## EXERCISE DATA
----

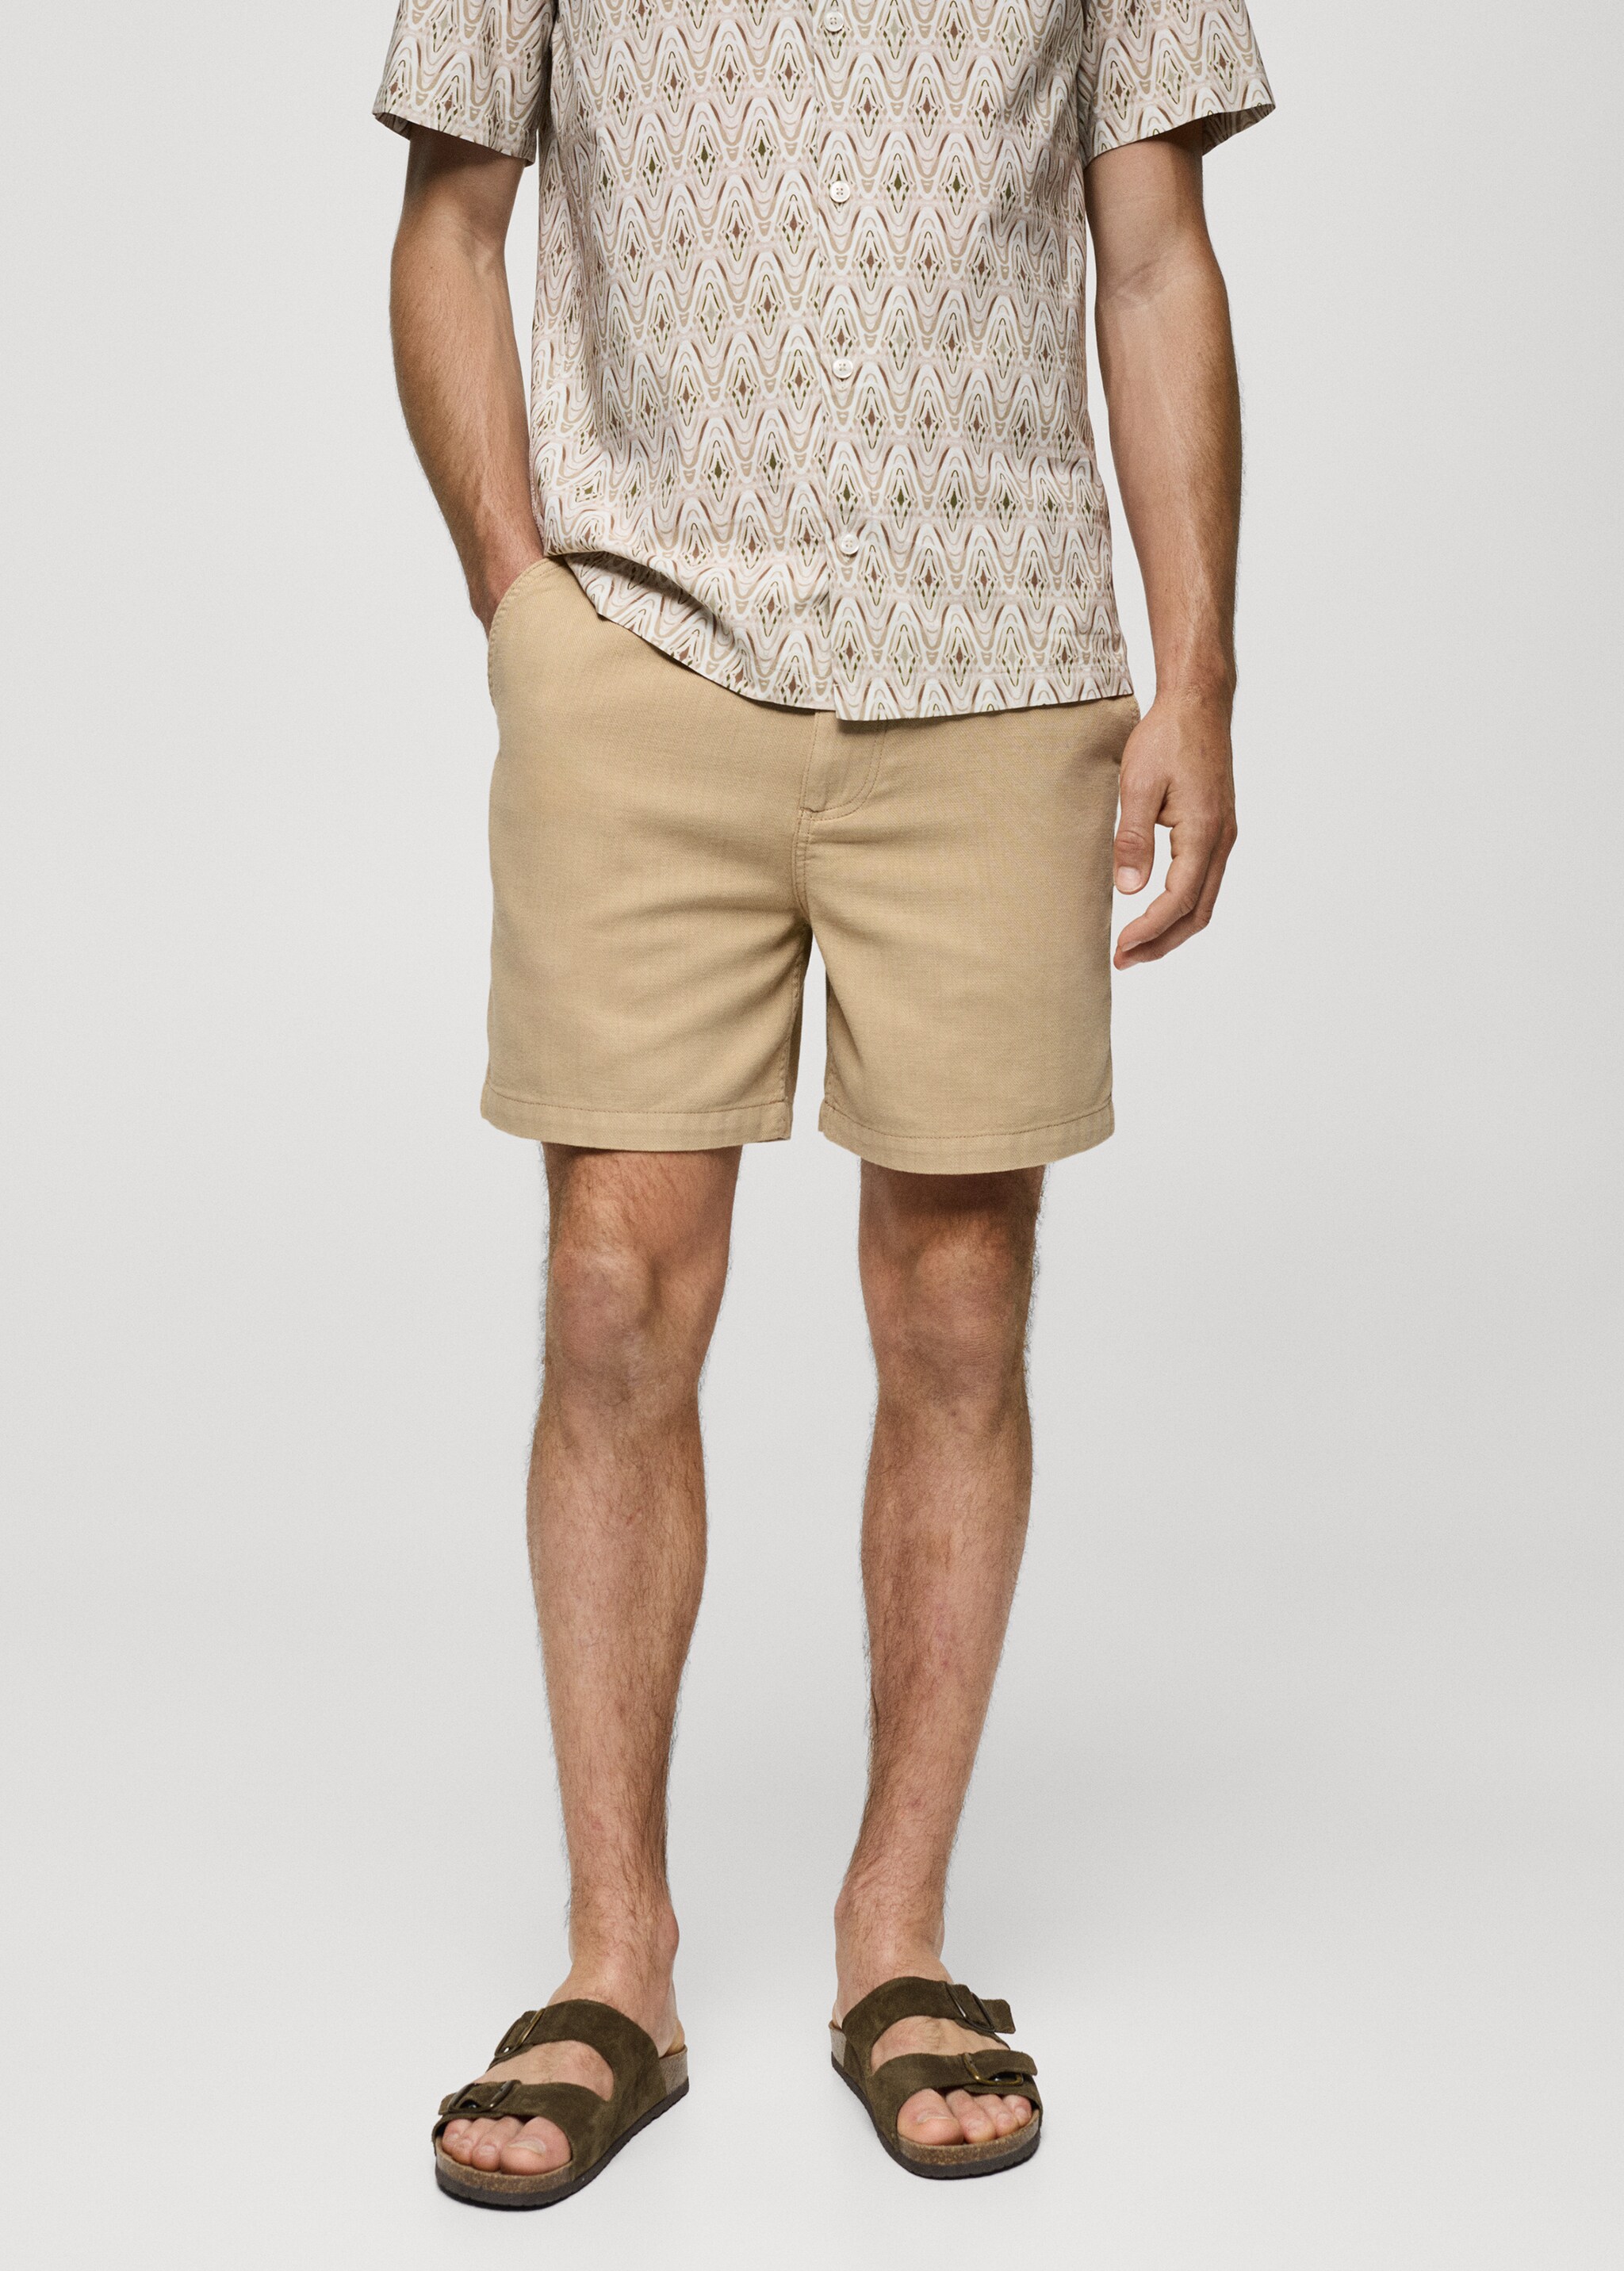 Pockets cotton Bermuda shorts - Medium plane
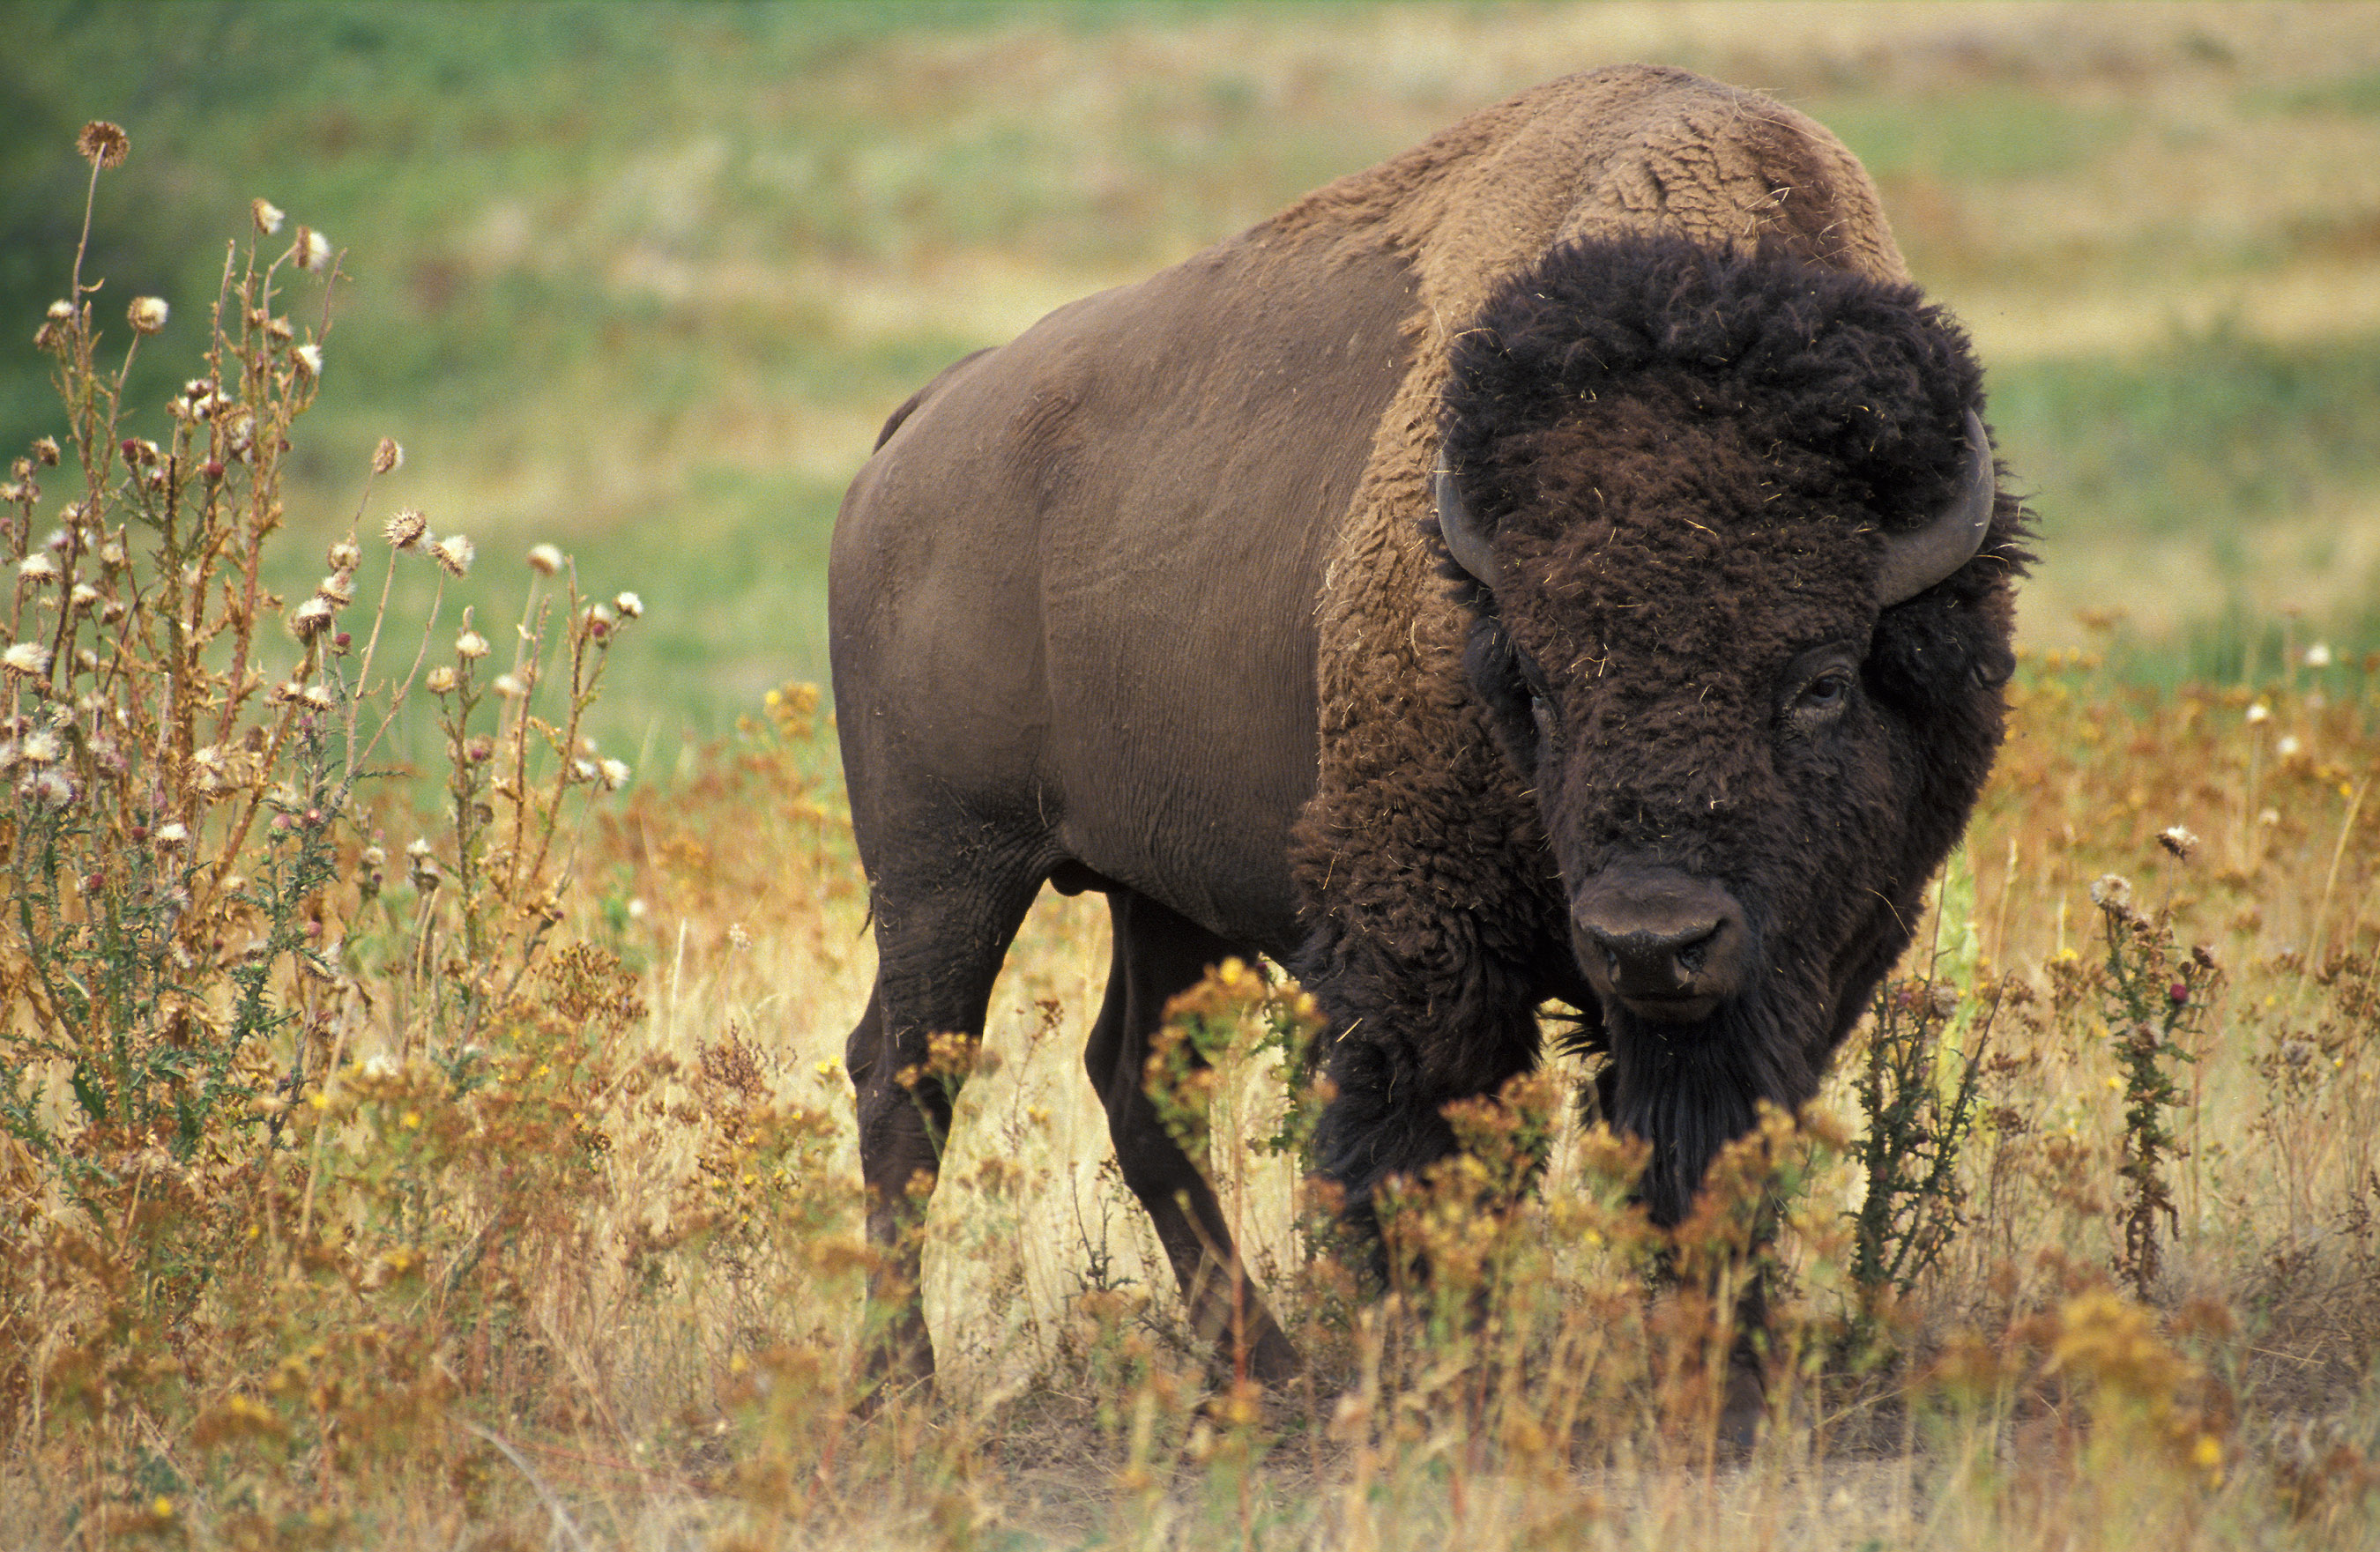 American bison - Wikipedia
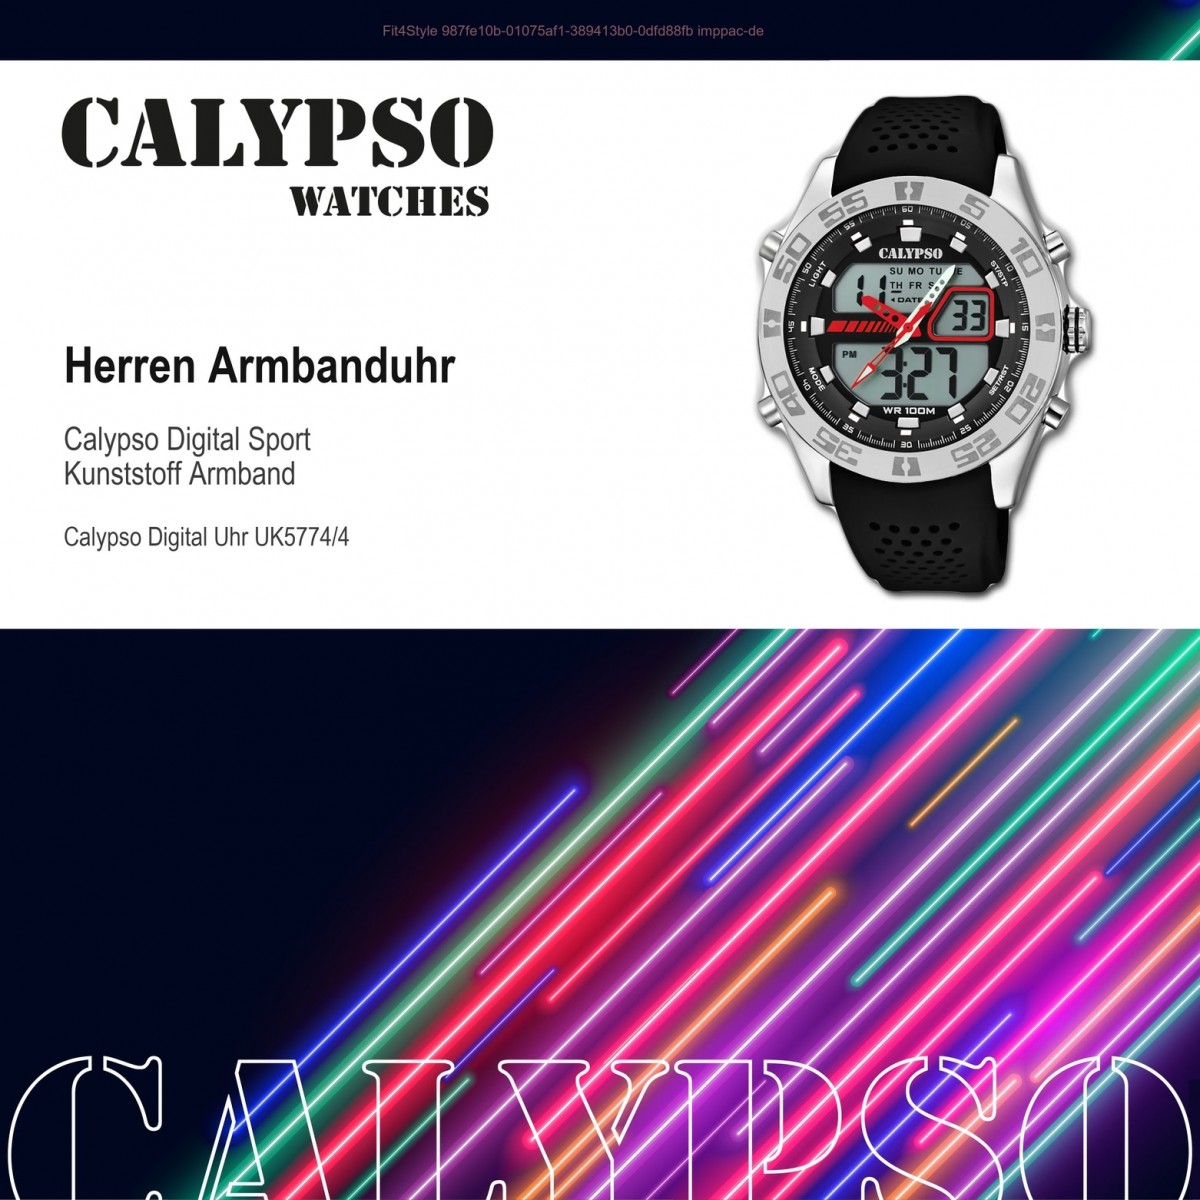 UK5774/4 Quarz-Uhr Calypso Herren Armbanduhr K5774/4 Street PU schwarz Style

----

This exercise asks for the data above to be given again exactly, without pictures.

 Pockets cotton Bermuda shorts - Medium plane
 American bison - Wikipedia
 UK5774/4 Quarz-Uhr Calypso Herren Armbanduhr K5774/4 Street PU schwarz Style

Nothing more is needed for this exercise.